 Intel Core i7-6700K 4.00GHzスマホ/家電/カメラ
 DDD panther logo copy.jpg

+-------+

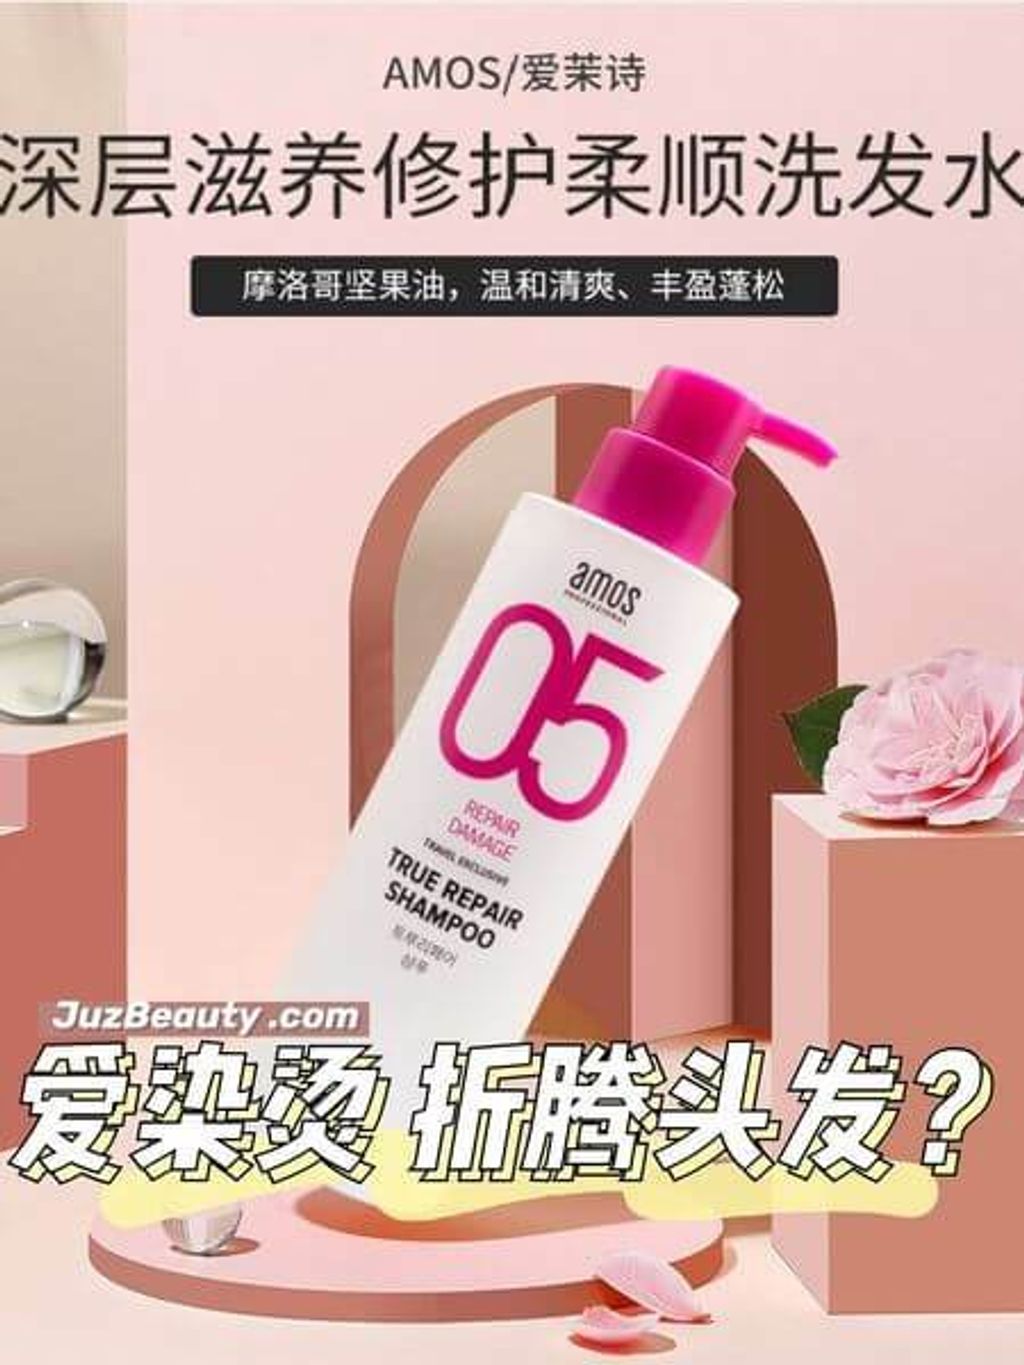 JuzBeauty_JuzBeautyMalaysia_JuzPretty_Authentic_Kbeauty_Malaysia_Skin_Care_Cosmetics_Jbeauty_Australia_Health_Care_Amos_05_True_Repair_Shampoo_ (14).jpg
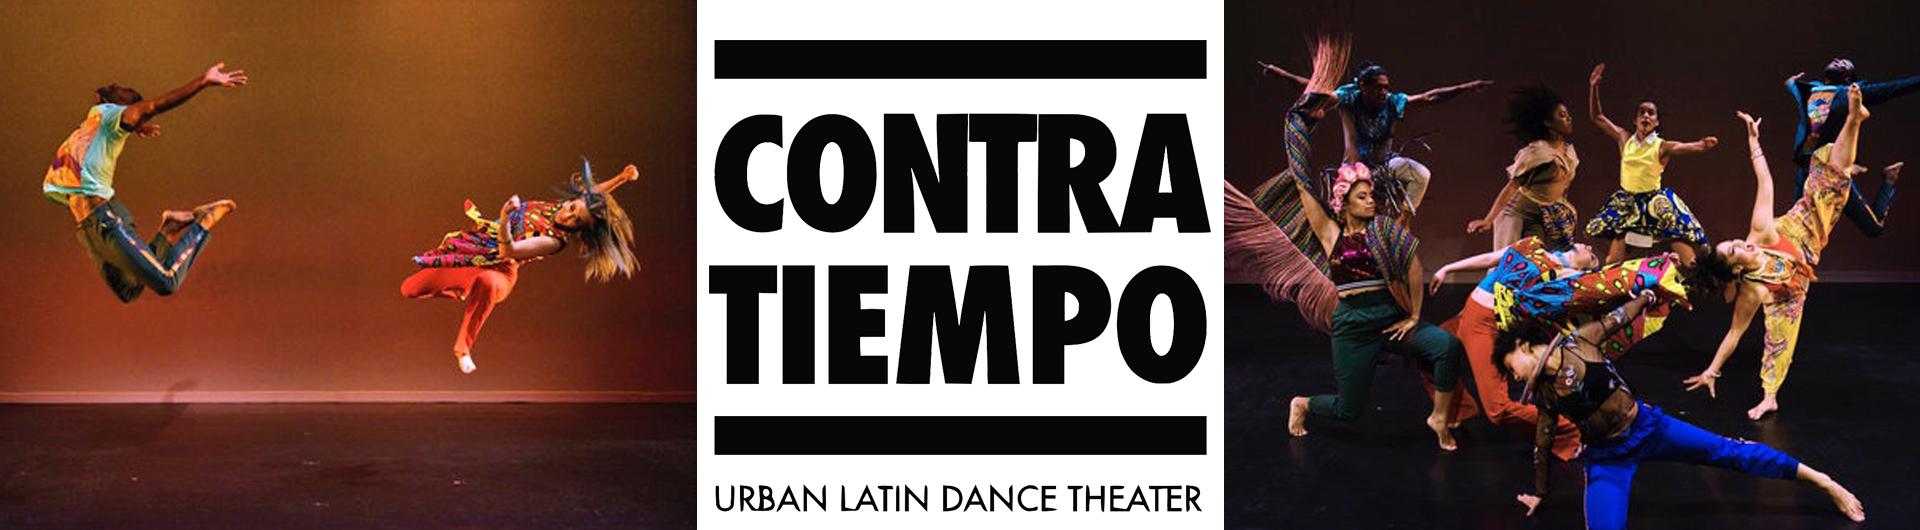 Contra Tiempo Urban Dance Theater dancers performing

+-------+

**Aim of the exercise**. Retype the entries above exactly, but only from the line containing "Intel Core i7-6700K 4.00GHzスマホ/家電/カメラ" through the line containing "DDD panther logo copy.jpg", both included.

**Result for this exercise**.
 Intel Core i7-6700K 4.00GHzスマホ/家電/カメラ
 DDD panther logo copy.jpg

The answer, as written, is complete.